*COLLECTED DATA*:
================================

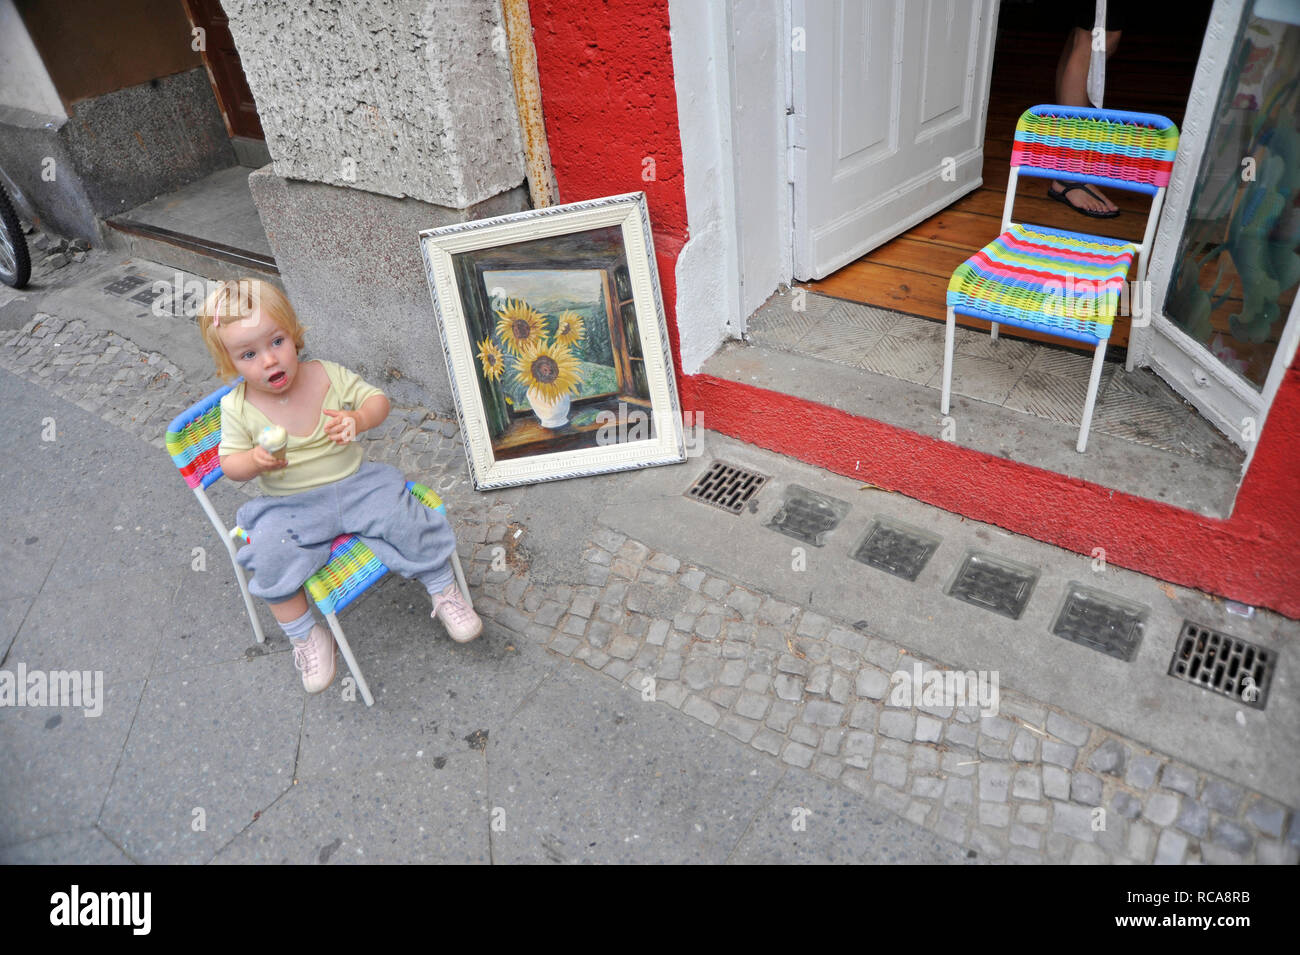 Kleinkind, Mädchen, 2 Jahre alt, isst Eis auf der Straße | bambino e bambina di due anni, mangia il gelato sulla strada Foto Stock
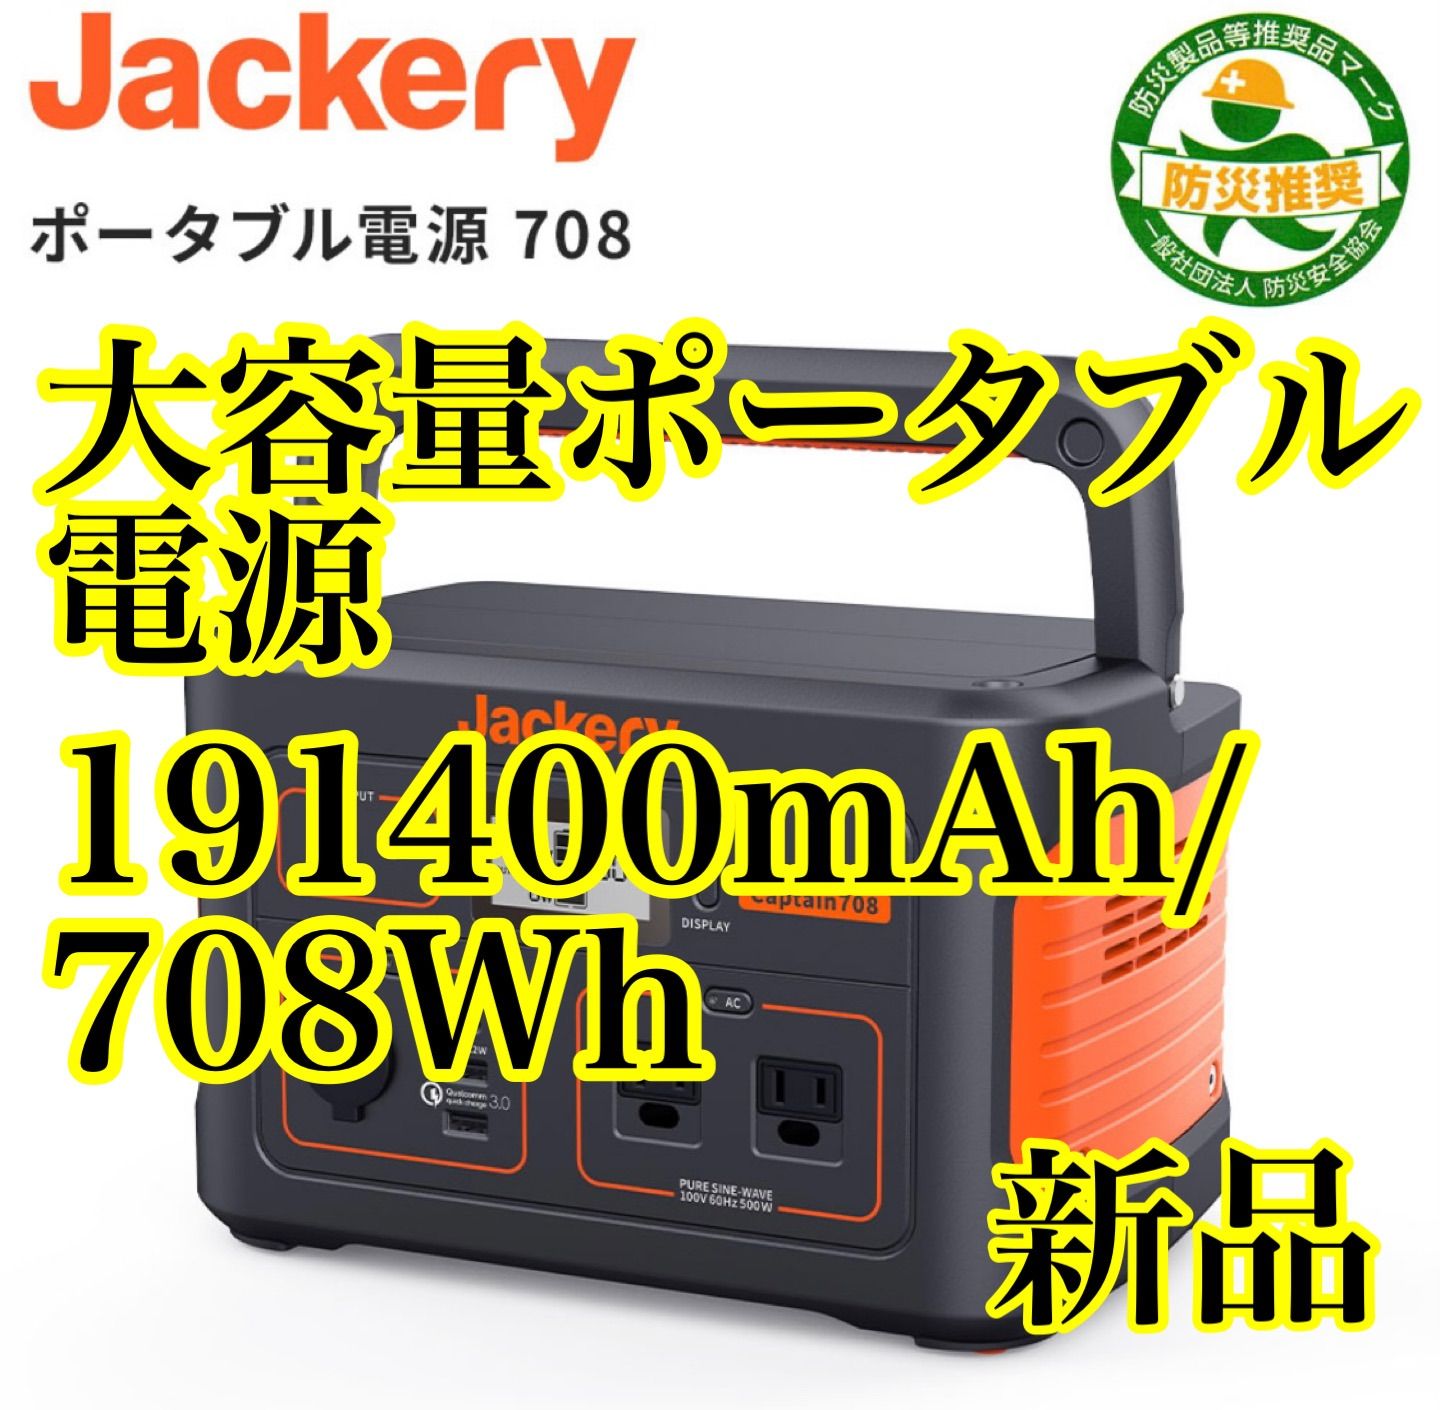 Jackery ポータブル電源708 大容量191400mAh AC(500W)
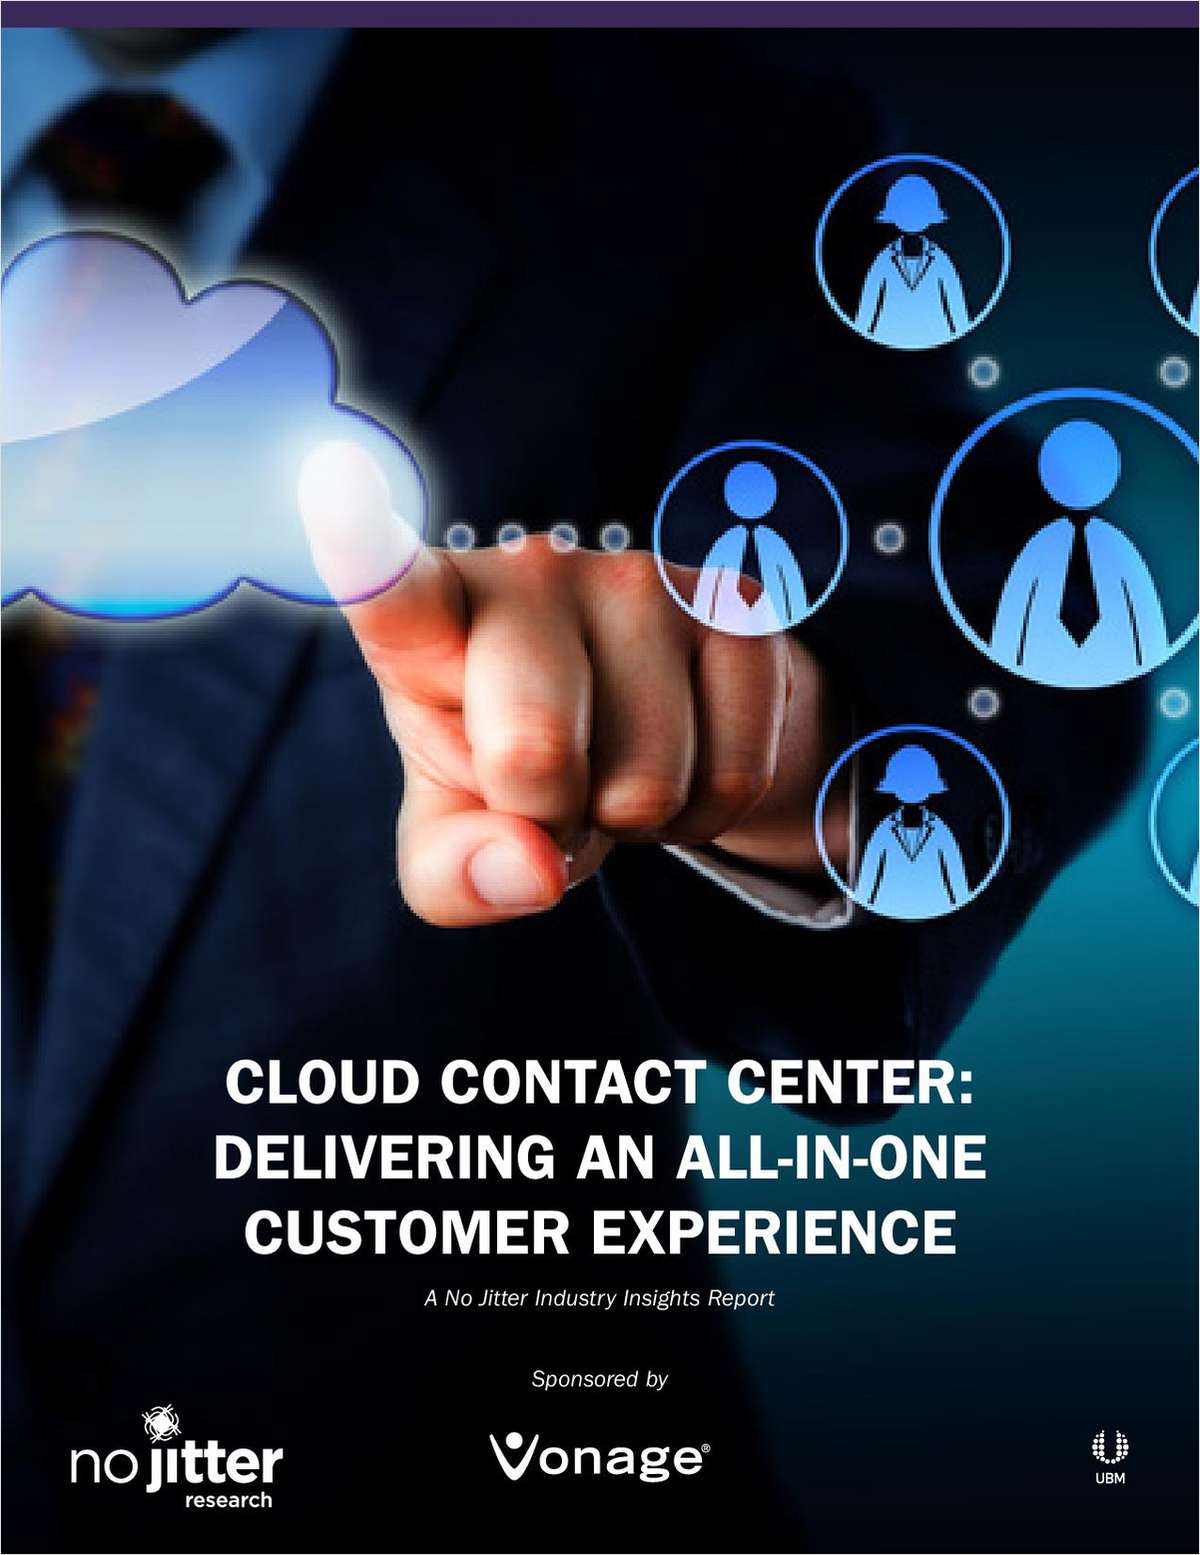 The Cloud Contact Center
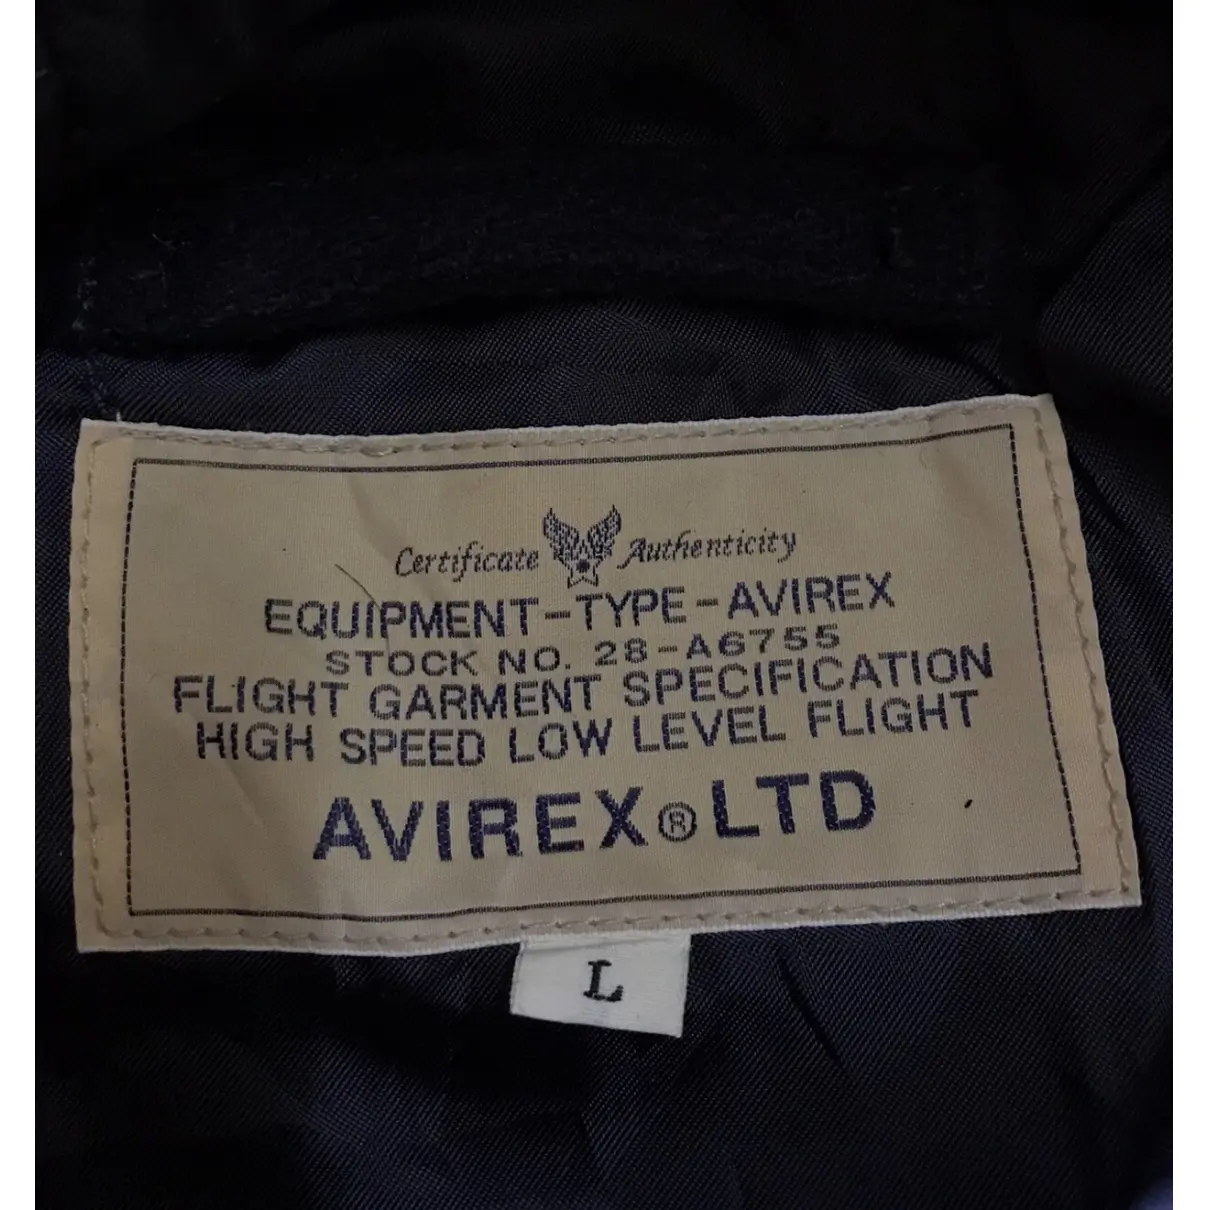 Buy Avirex Leather jacket online

================================

*PROBLEM*:
Return the material word for word. Pictures are not part of the copy.

*ANSWER TO THIS TASK*:
 Kleinkind, Mädchen, 2 Jahre alt, isst Eis auf der Straße | bambino e bambina di due anni, mangia il gelato sulla strada Foto Stock
 Jackery ポータブル電源708 大容量191400mAh AC(500W)
 The Cloud Contact Center
 Buy Avirex Leather jacket online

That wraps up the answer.